Accelerated Automation - Need of the hour
Anil Upadhyay
Software Quality Assurance Specialist @ Synechron | ISTQB Certified, Test Automation Foundations
As the script base of the automated tests increases, it also impacts the waiting time to get the test results and can be annoying to the business and stakeholders. Then we start asking questions - Are all scripts we run useful, should we reduce execution time, and so on….
Focussing on the following areas will help us reduce execution time and give faster Go/NoGo status to the delivery process.
Let's start with small steps:
- Focus On Automating Right Things: Focus should be on testing functionality and limited instruction, help text, and toast messages. Including all the contents of the web page, I test automation is not a good practice. Testing the contents of the webpage comes under another discipline called Content Testing. Separate the contents from functionality. Include only those contents that are dynamic. Avoid creating automated tests around low-value feature or feature that rarely changes.
- Smart Clustering Of Test Scripts: Suppose you have 100 test scripts and after repeated test runs you come to know that 20 of your test scripts takes longer than anticipated time to complete the run and you name it as batch A, the next 50 takes acceptable time and you name it as batch B and the remaining 30 takes considerably less as compared to the others and you name it as batch C. Now a smart way of handling is to shuffle the test scripts, take out few test scripts from batch A and replace them with the scripts in batch B, and so on… This will help to balance the amount of time each batch takes and we will get the result at one go from all three batches. We would not have to wait for batch A tests to complete consuming the maximum, unreasonable amount of time.

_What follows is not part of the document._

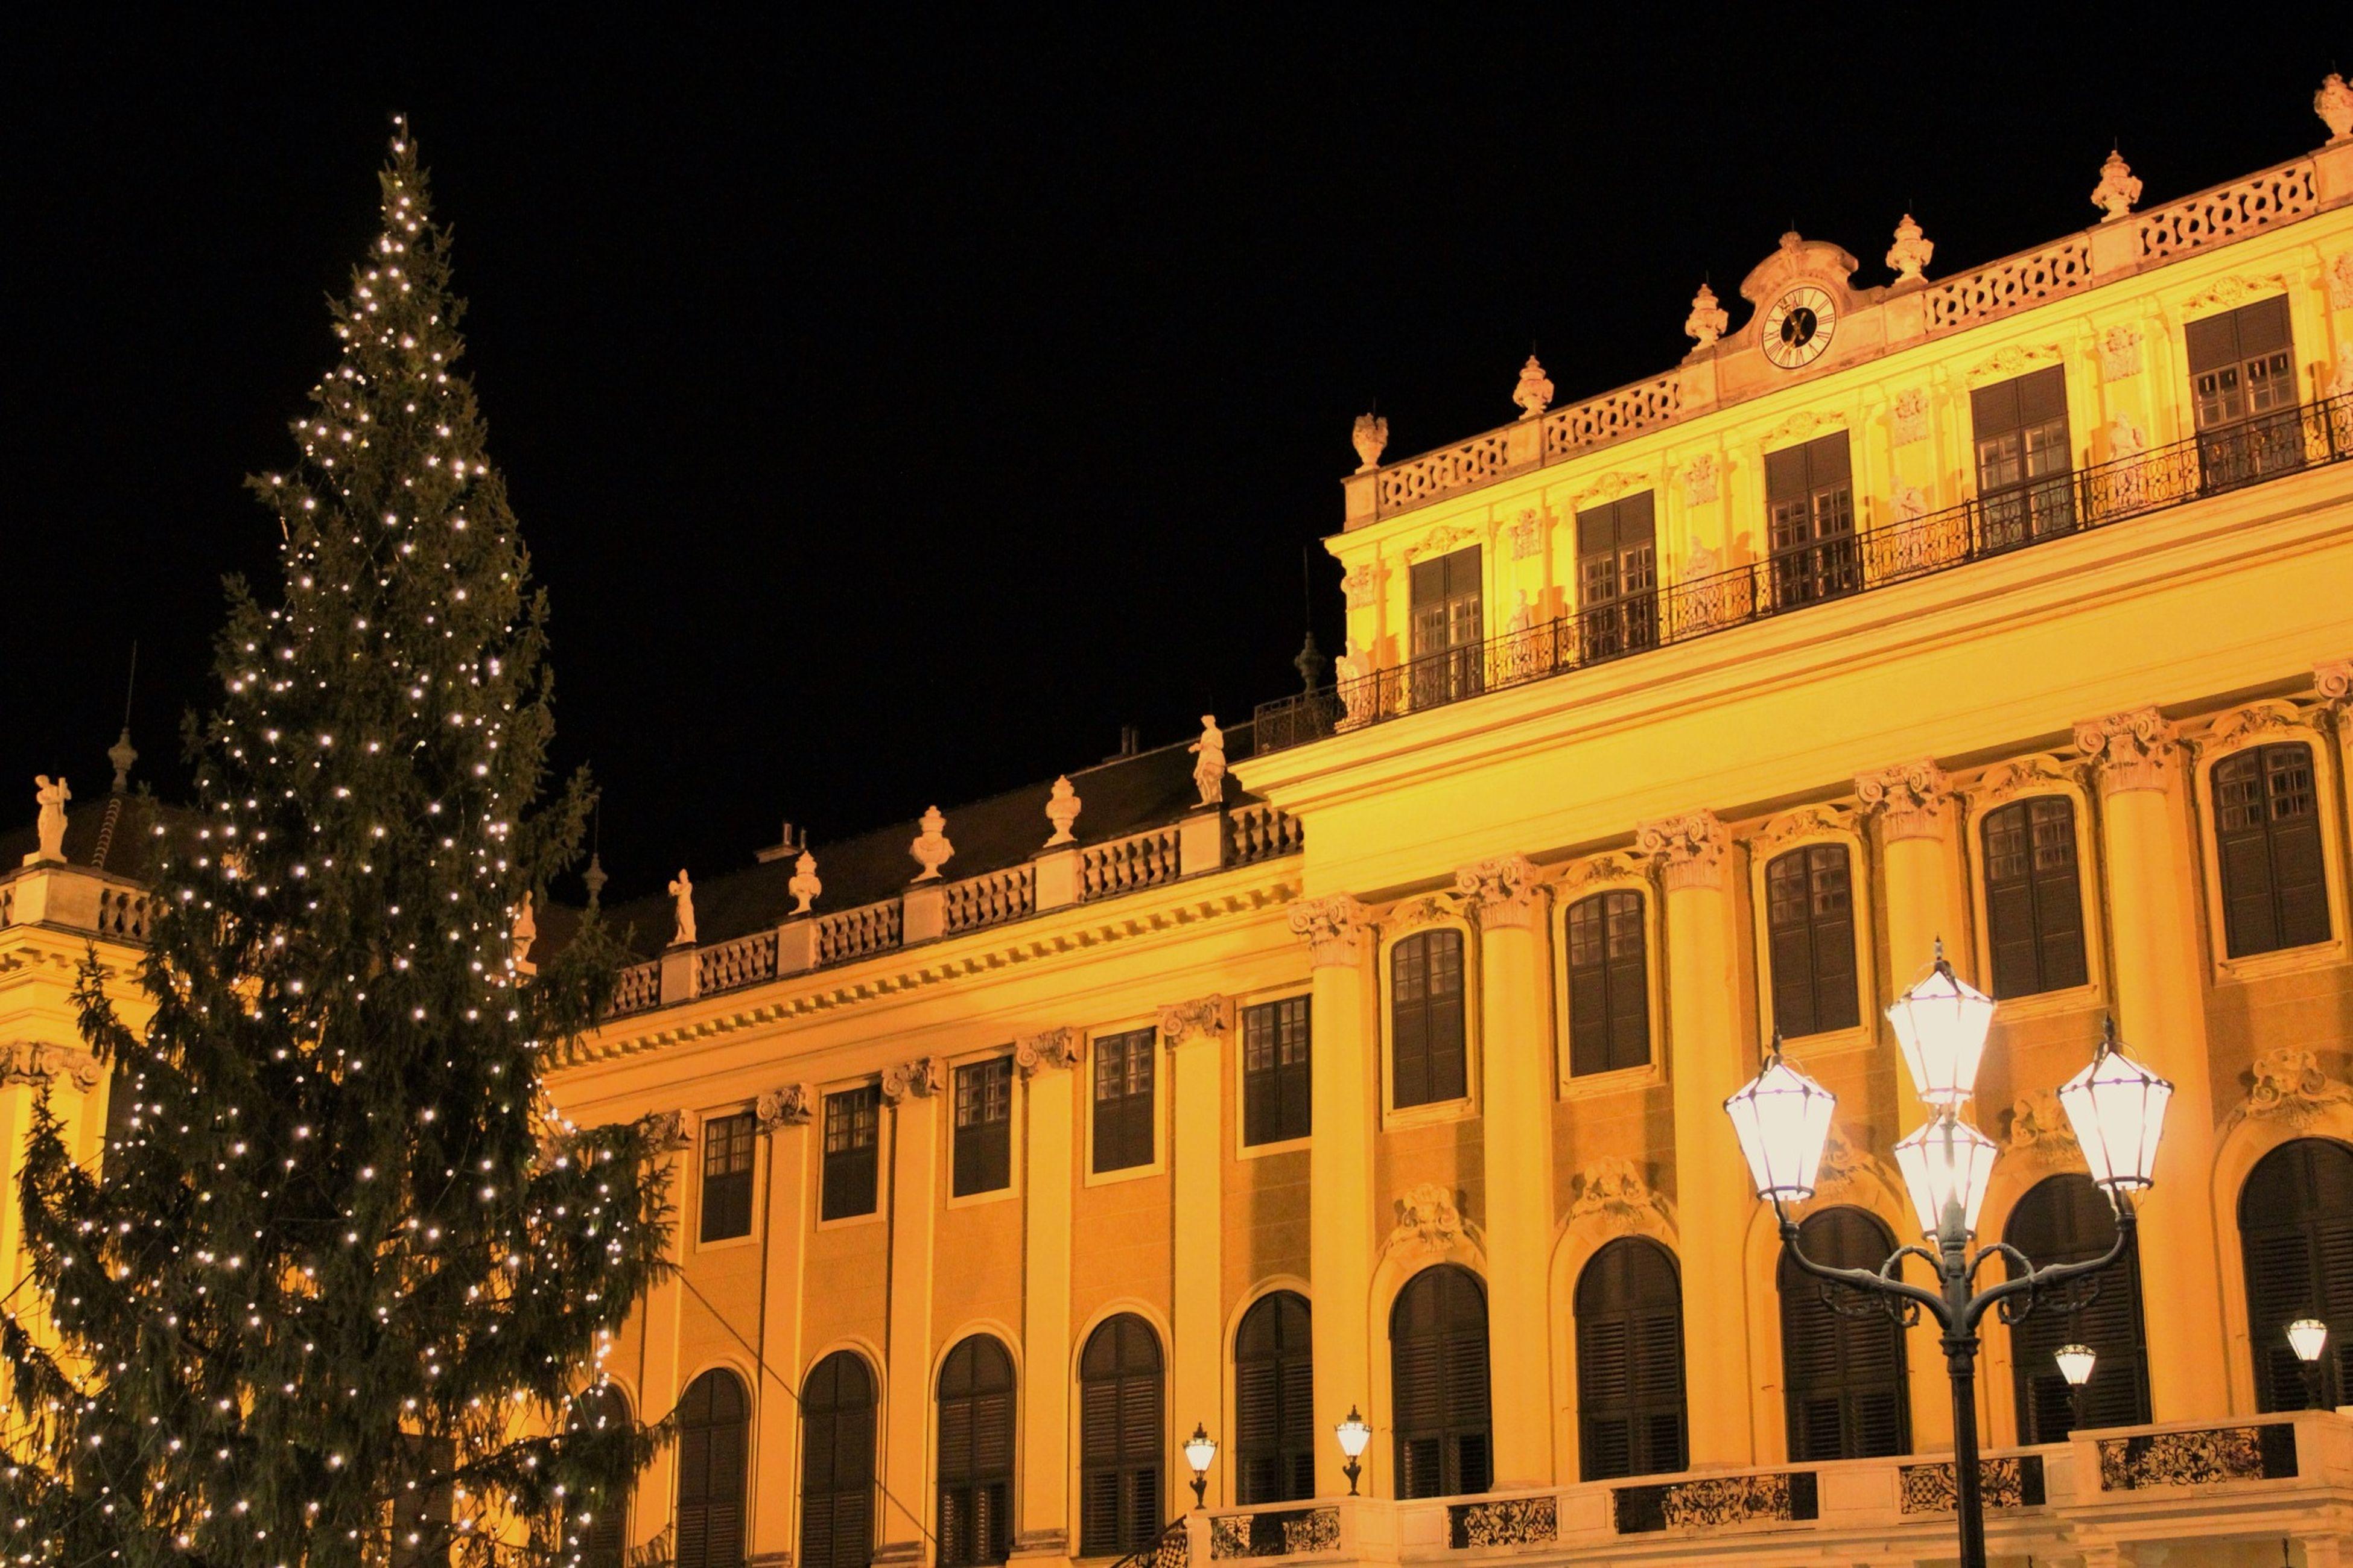 I wish you all Merry Christmas! Feliz Navidad! Frohe Weihnachten! Light Night Lights Night Christmas Christmas Tree Christmas Lights EyeEm Best Shots EyeEm Best Edits Eyem Best Shots

- Chop The Long Uses Cases: When we talk about the E2E user journeys, some of them might be very long journeys. So it will be better if we chop the longer user journeys to smaller journeys but keeping in mind that the stoppage of each journey should end in such a way that the state should be assertible. You might be thinking now why am I asking you to follow this approach: The answer to the question is that although there are very good automated testing tools available, however, when it comes to testing longer journeys you may face hiccups in the application user test which can be because of network issues, third-party APIs being slow resulting in delayed response, “ensureCleanSession” set to True thereby the cached pages not available.You may face failures in automated test runs but not when you are executing the long journeys manually. So better to have small user journeys.These focus on just one piece of application functionality and are much faster and easier to execute than longer tests assessing multiple pieces of functionality.
- Maintain Test Independence As Much As Possible: One of the factors that hinder parallel execution is test dependency. Tests should be independent as possible.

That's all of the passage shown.